Primary purge is encouraging for the future

opinions

August 4, 2016 - 12:00 AM

Rep. Kent Thompson said the day after it was clear Tuesday’s primary election showed what voters in Kansas are thinking.

Nearly a dozen conservative legislators in the two chambers were defeated by candidates who subscribe to more moderate fiscal and social views.

“Maybe we can get things turned around,” as the result of what he opined was a litmus test for Gov. Sam Brownback. Thompson represents the 9th House District.

If political philosophies of newcomers — we still have the Nov. 8 election ahead — hold true to their moderation, changes in tax policy and more generous attitudes toward school funding should unfold.

The caveat is that even if a coalition develops in the House, between moderates and Democrats, and a similar occurrence comes about in the Senate, neither is expected to have the wherewithal to pass veto-proof legislation.

Among measures that are likely to crop are reversal of the tax breaks given 330,000 small business owners and farmers in concession to trickle-down economics; a reconfiguration of the school finance formula that will provide more adequate funding; and attention to Kansas Department of Transportation revenue that has been depleted by sweeps to balance general fund budgets.

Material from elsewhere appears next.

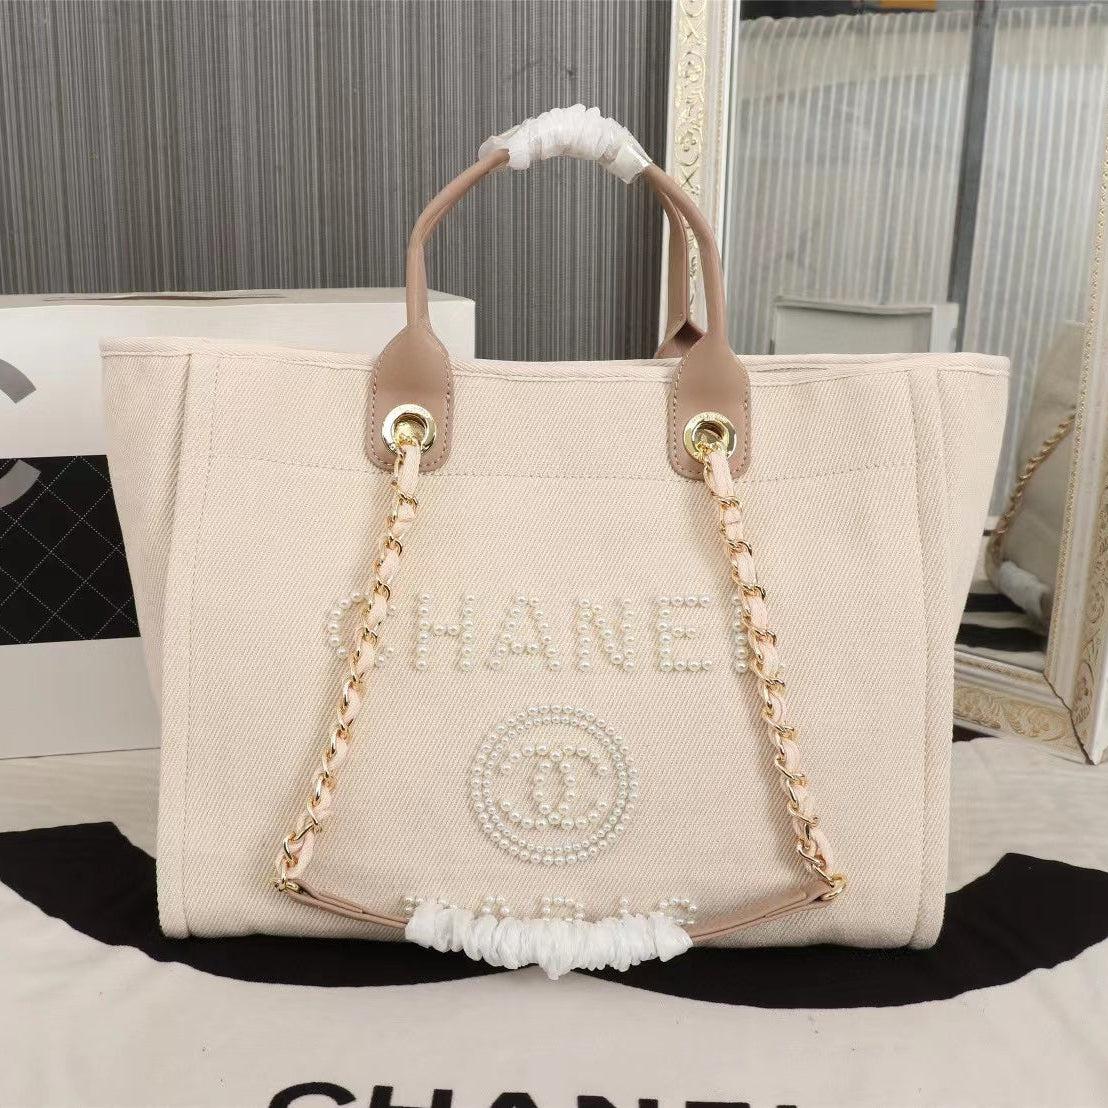 chanel inspired tote bag

Full restoration of income taxes in some degree to what they were before cuts in 2012-13 is less likely, given that it was Brownback’s pet project to revive and infuse adrenaline into the heart of the Kansas economy — even though there is no evidence it came even remotely close to having that effect. And, his term runs on another two years.

Brownback and his supporters should realize a wave of voter disapproval has flowed over the state — perhaps not in bloodbath proportions but close — and has demonstrated graphically that large numbers of voters are dissatisfied.

It would behoove the governor to reach out to legislators, admit that the state has a financial mess to clean up and get to it.

 

VOTERS AUTHORED a coup of some proportion when they sent Sen. Terry Bruce, GOP majority leader and three terms in the chamber, back home.

Pundits expected Bruce to challenge Susan Wagle for the senate’s presidency. Now he will be just another citizen watching from the sidelines.

Conservative losses were greatest in the Johnson County area, where criticism of cuts to education funding have been rampant.

In this area of the state, Forrest Knox, Altoona, was defeated.

In recent sessions, Knox, whose children are home-schooled, has been a prominent critic of what generally is accepted as adequate funding for schools and has promoted social engineering of families’ private lives.